Birde kışın bozacı geçince korkardım.
çocukken hortlak denilen canlının var olduğuna inanır ölüden korkardım ama insan büyüýünce anlıyor ki ölünün insana bir zararı dokunmaz olüden değil diriden korkacaksın.
serçeler adım atamaz hoplaya hoplaya gider ya. anneme sebebini sordum bir peygamber varmış o serçeleri cezalandırmak için ayaklarını bağlamış. ondan beri ayakları bağlıymış.
ben de evin avlusuna tuzak kurup bir serçe yakaladım. bir heyecanla elimi iki ayağının arasından geçirdim ve elime bir şey takılmadı. annemin yalanını çıkarmıştım böylece.
Ben çocukken külliyen salaktım . Hatta safliğımla hep dalga geçerlerdi.
Komşulardan birine inme inmiş. Anlatıyorlar yanımda.
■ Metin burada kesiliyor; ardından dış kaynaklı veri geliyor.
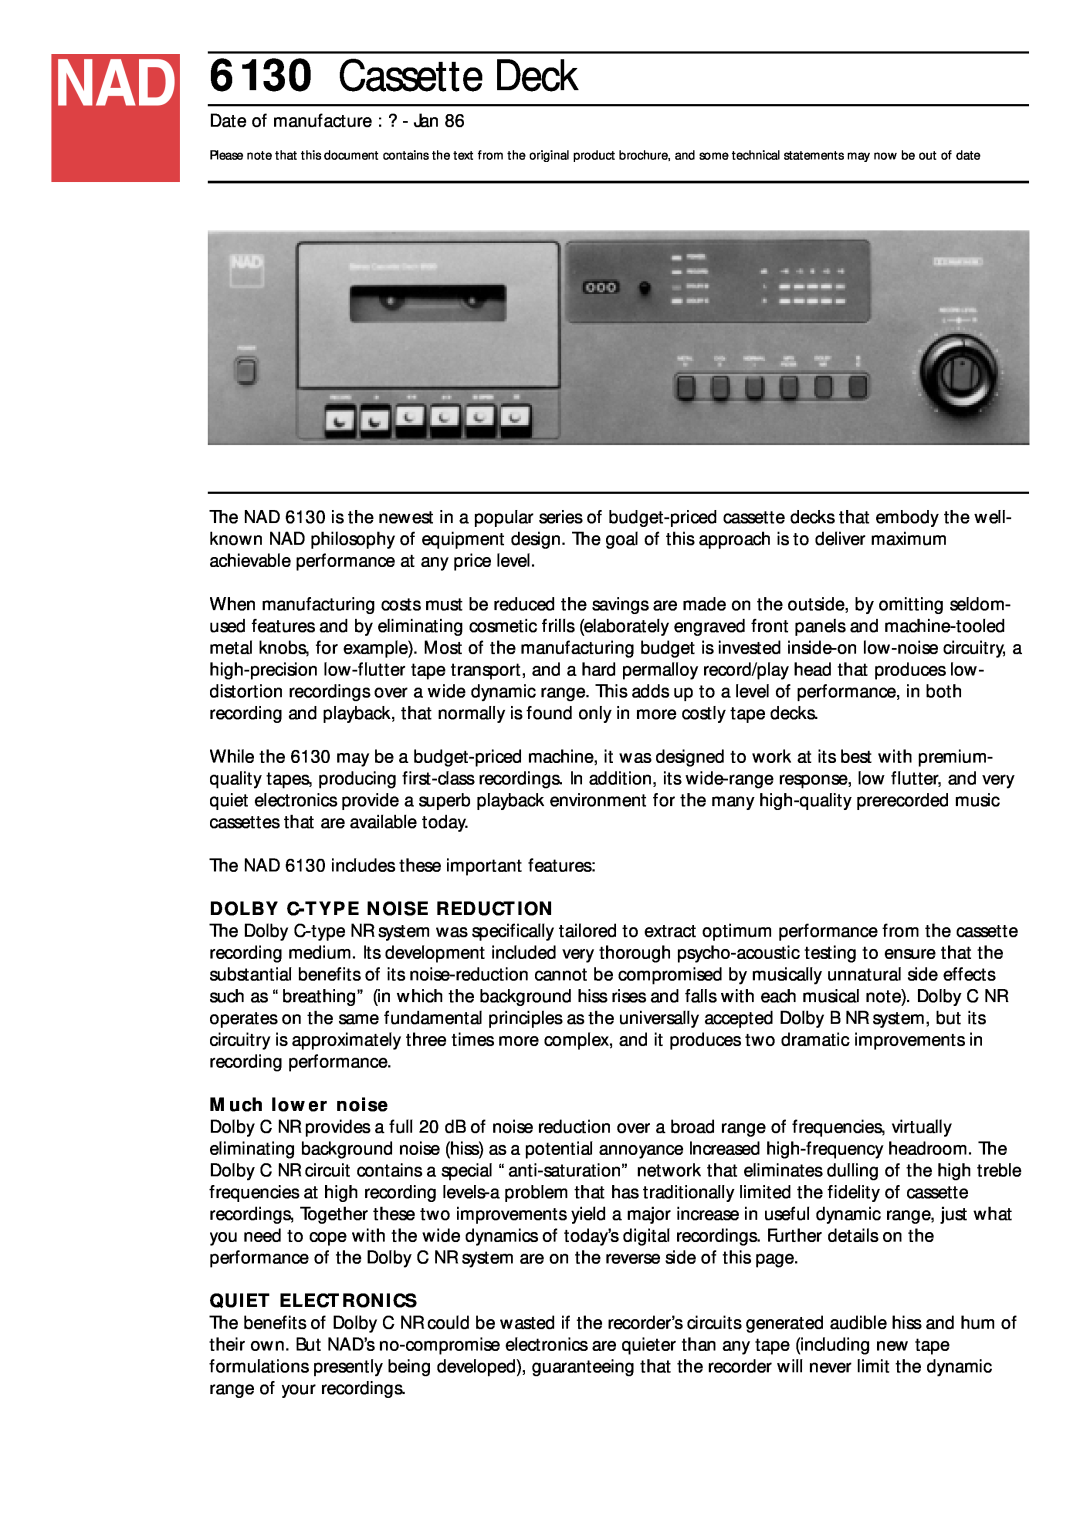 NAD 6130 brochure Dolby C-Typenoise Reduction, Much lower noise, Quiet Electronics, Cassette Deck 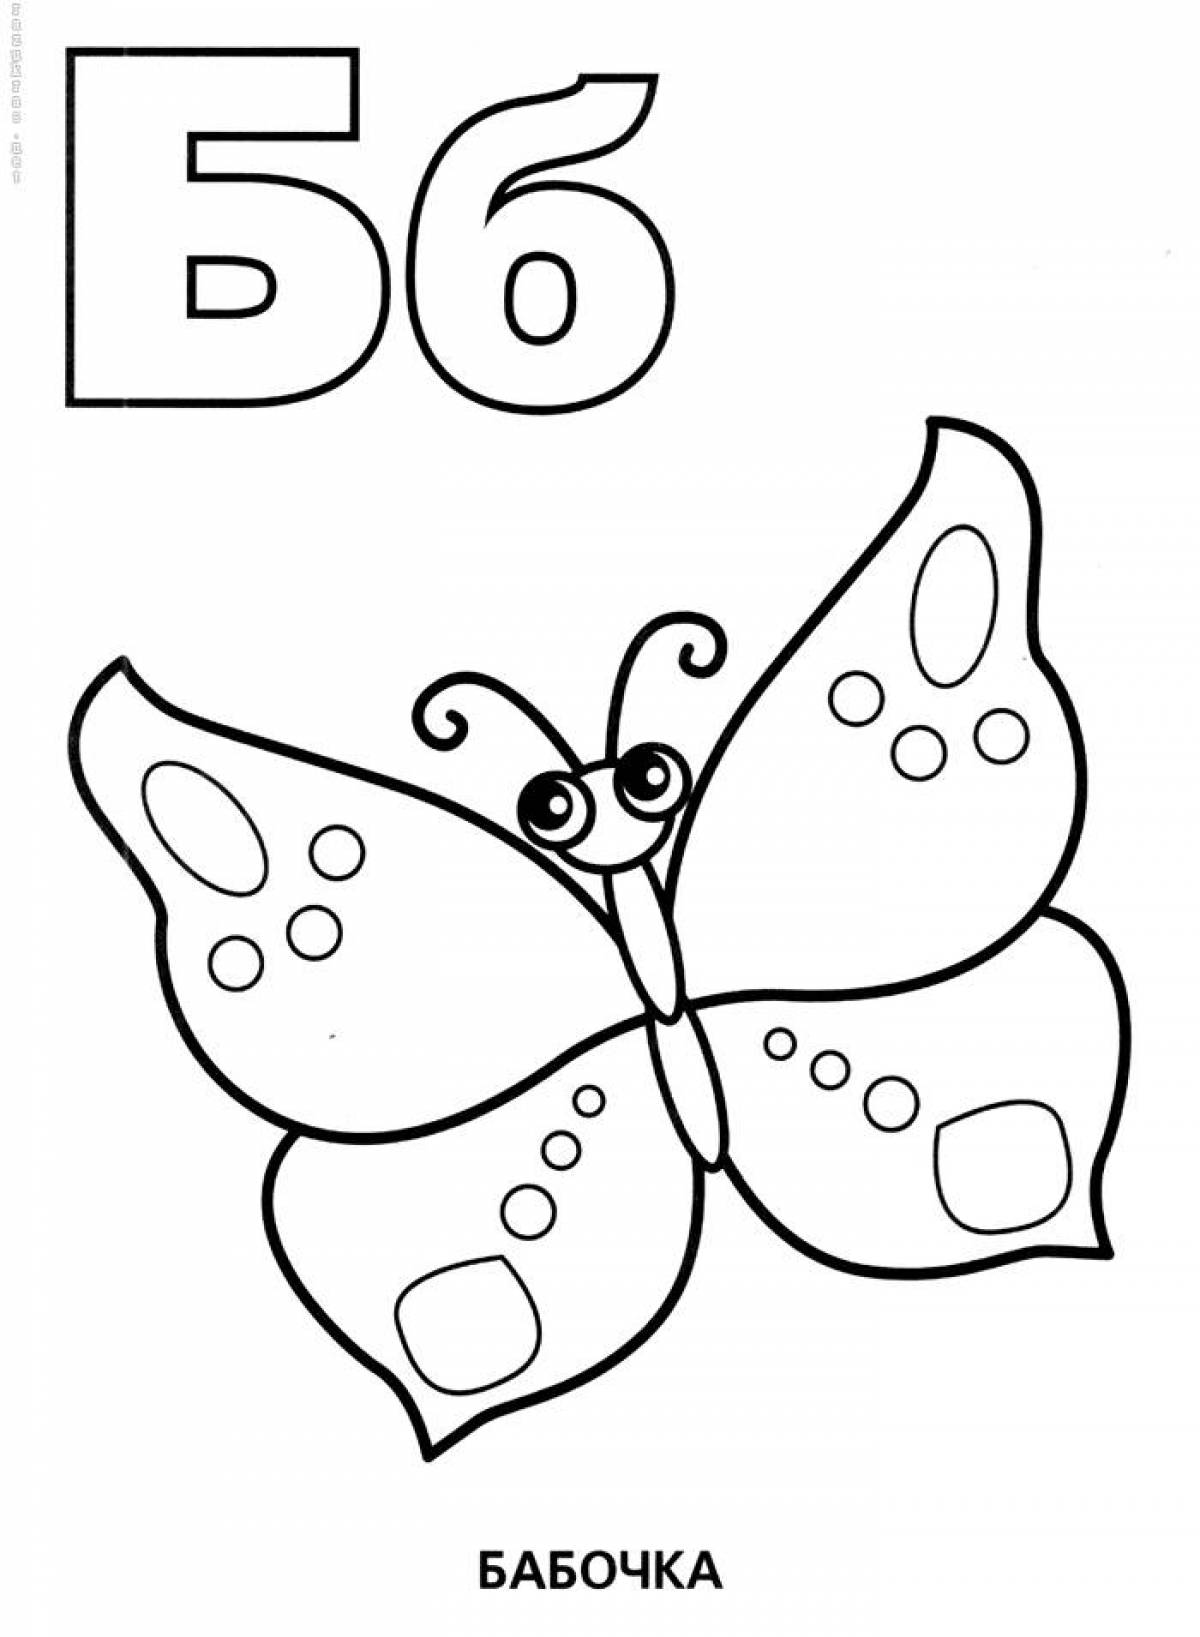 Fun letter coloring for toddlers

Yatalak olmuş işte konuşamıyormuş bile , diye. Bende sandım ki inme gökyüzünden üstümüze düşen bir şey. Üstümüze iniyor , sakat kalıyoruz. ( cocuk aklıyla sakat yani kusura bakmayın engelli)
Sonra bir kaç gün sokağa hiç çıkmamıştım korkudan. Sonra dediğim gibi salak bir çocuk olduğum için olayın etkisi geçince , unutup çıkmışımdır sokağa.
Tabağında ne kadar pirinç tanesi bırakırsan o kadar çok çocuğun olur sözü.
Annem sağlamasını yapmak için de çinlileri örnek gösterirdi. Vay be zeki kadınmış.
adı üstünde çoçuk inanılan her neyse ne kadar saçma olursa olsun en tatlı zamanların mantıklı inançlarıydı. sevindiren, eğlendiren.
doğal bir yaşamın saçmalıklarını şimdinin kurmaca hayatına değişmem.